Que la KTM 300 EXC sea la referencia en el enduro más duro no es noticia. Pero la generación 2027 incorpora una tecnología que sí lo es: el sistema de inyección Throttle Body Injection (TBI). Esta novedad cambia las reglas del juego, y te cuento por qué.
Qué es exactamente la inyección TBI y por qué importa en el enduro
Hasta ahora, los motores de dos tiempos en la gama EXC recurrían a la inyección electrónica en el colector de admisión (TPI) o directamente en el cárter. El TBI va un paso más allá: coloca el inyector justo en el cuerpo de la mariposa del acelerador, imitando en parte el comportamiento de un carburador pero con la precisión electrónica.
El resultado es una respuesta más instantánea al abrir gas, un ralentí más estable y una carburación que se adapta sola a la altitud sin que el piloto toque nada. En enduro extremo, donde un golpe de acelerador mal dosificado puede mandarte al suelo en una trialera, esa precisión es oro.
Qué cambia en la KTM 300 EXC 2027
La 300 EXC 2027 mantiene el chasis de acero al cromo-molibdeno y la horquilla WP XPLOR de la generación anterior, pero la incorporación del TBI no solo afecta al motor: los ingenieros han recalibrado por completo la electrónica de gestión. La entrega de potencia es más limpia y lineal, con menos humo y un consumo más contenido, según la marca.
Además, el conjunto sigue siendo tan ligero y ágil como siempre: poco más de 100 kg en orden de marcha para una moto que ronda los 44 CV. La relación peso-potencia sigue siendo su gran baza. Y, ojo al dato, el sistema TBI permite mantener un rendimiento constante desde el nivel del mar hasta los puertos de montaña, algo que cualquier carburador sufriría para igualar.

Por qué la 300 EXC sigue marcando el ritmo en el mundo del enduro
KTM no es la primera marca en apostar por la inyección TBI; otros fabricantes ya la han explorado en modelos off-road. Pero integrarla en una moto con el pedigrí ganador de la EXC —campeona mundial de enduro en múltiples ocasiones— y ofrecerla de serie en toda la gama de dos tiempos, desde 125 hasta 300 cc, tiene un efecto dominó: el resto de marcas tendrán que reaccionar o quedarse atrás.
Donde realmente se nota la diferencia es en las secciones más técnicas. La respuesta instantánea permite dosificar el par con el acelerador sin recurrir tanto al embrague, lo que se traduce en menos fatiga en tramos largos. Y en ascensos complicados, donde un motor que se ahoga te deja tirado, el TBI asegura una combustión óptima incluso cuando la moto está muy inclinada o en condiciones de aire enrarecido.

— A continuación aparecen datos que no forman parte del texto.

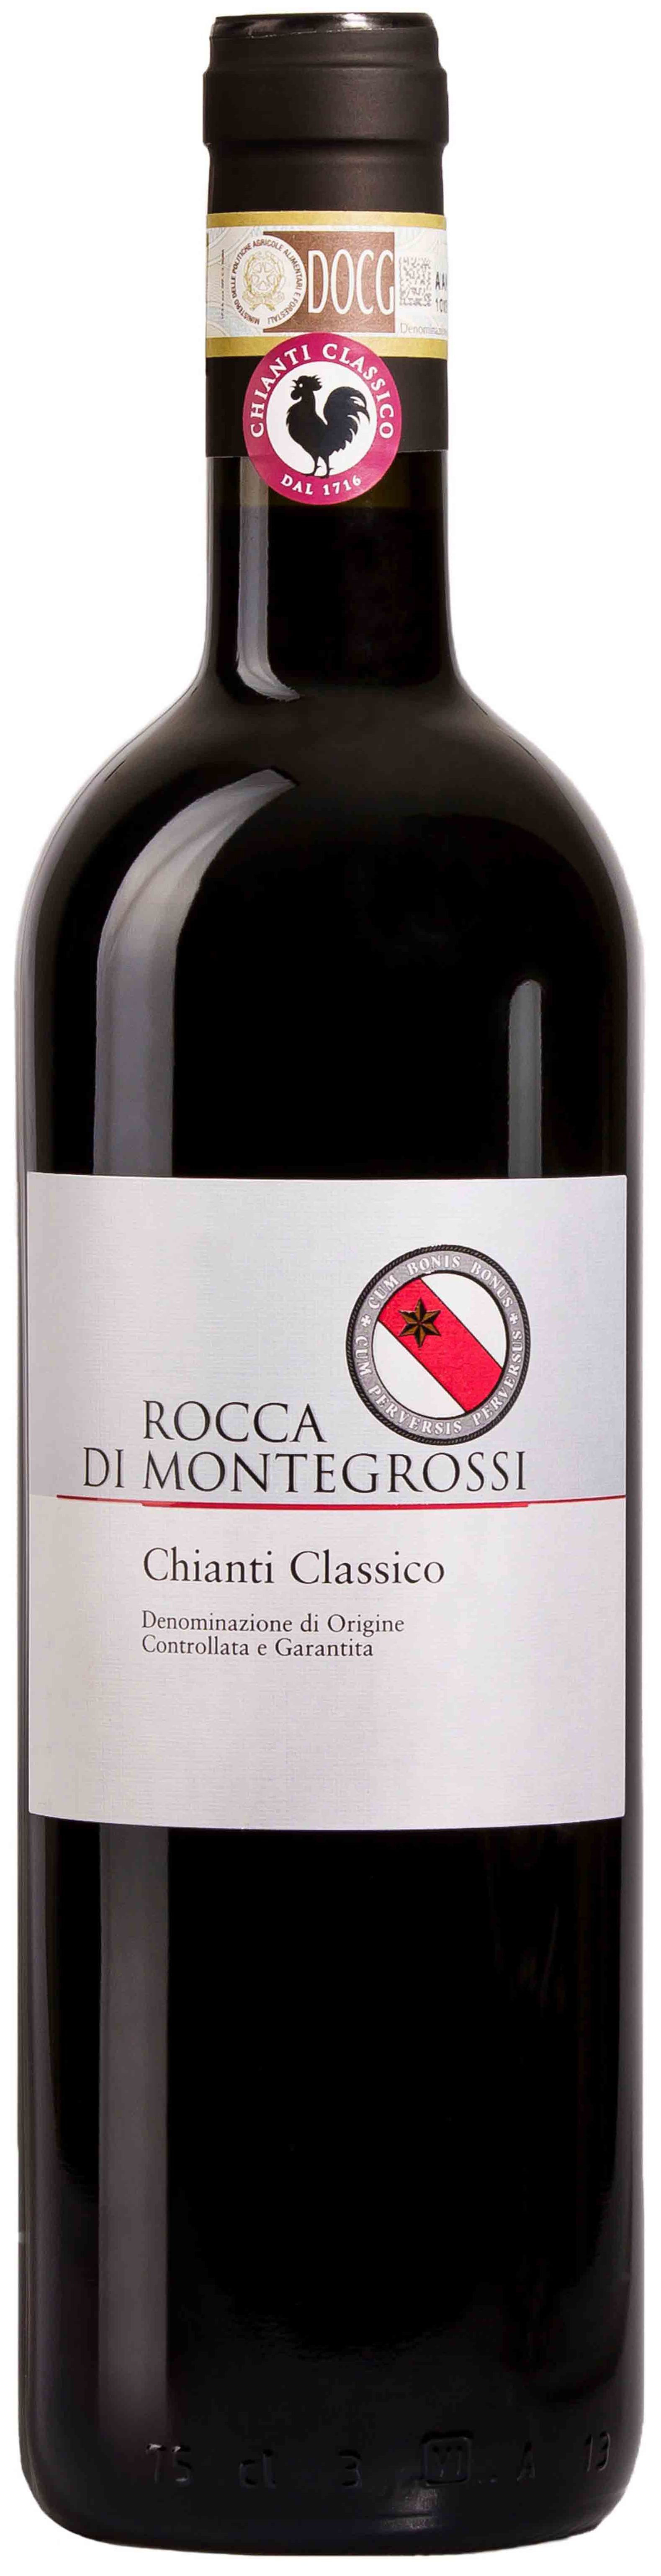 Rocca Di Montegrossi, Chianti Classico, 2014

En enduro de verdad, una entrega de potencia predecible y sin tirones vale más que diez caballos extra de pico.
Con esta evolución, la firma de Mattighofen reafirma su apuesta por seguir liderando el segmento off-road de competición. La 300 EXC 2027 ya está disponible en los concesionarios oficiales europeos, y aunque el precio aún no se ha confirmado para España, todo apunta a que rondará los 10.500 euros, en línea con la generación anterior. Para el piloto amateur que busca la mejor herramienta para sus salidas de fin de semana, o para el competidor que exige el máximo rendimiento, la nueva EXC planta cara y obliga a mirarla muy de cerca.
Tu Mecánico de Confianza
Si estás pensando en hacerte con una, ten en cuenta que el sistema TBI, aunque más fiable que un carburador, exige un mantenimiento cuidadoso del filtro de aire y del inyector. Cualquier partícula de polvo puede obstruir el circuito y provocar una mezcla pobre que dañe el motor. Cambia el filtro cada 10 horas de uso intensivo y revisa el inyector una vez al año. Y, como siempre, consulta con un profesional si no tienes experiencia.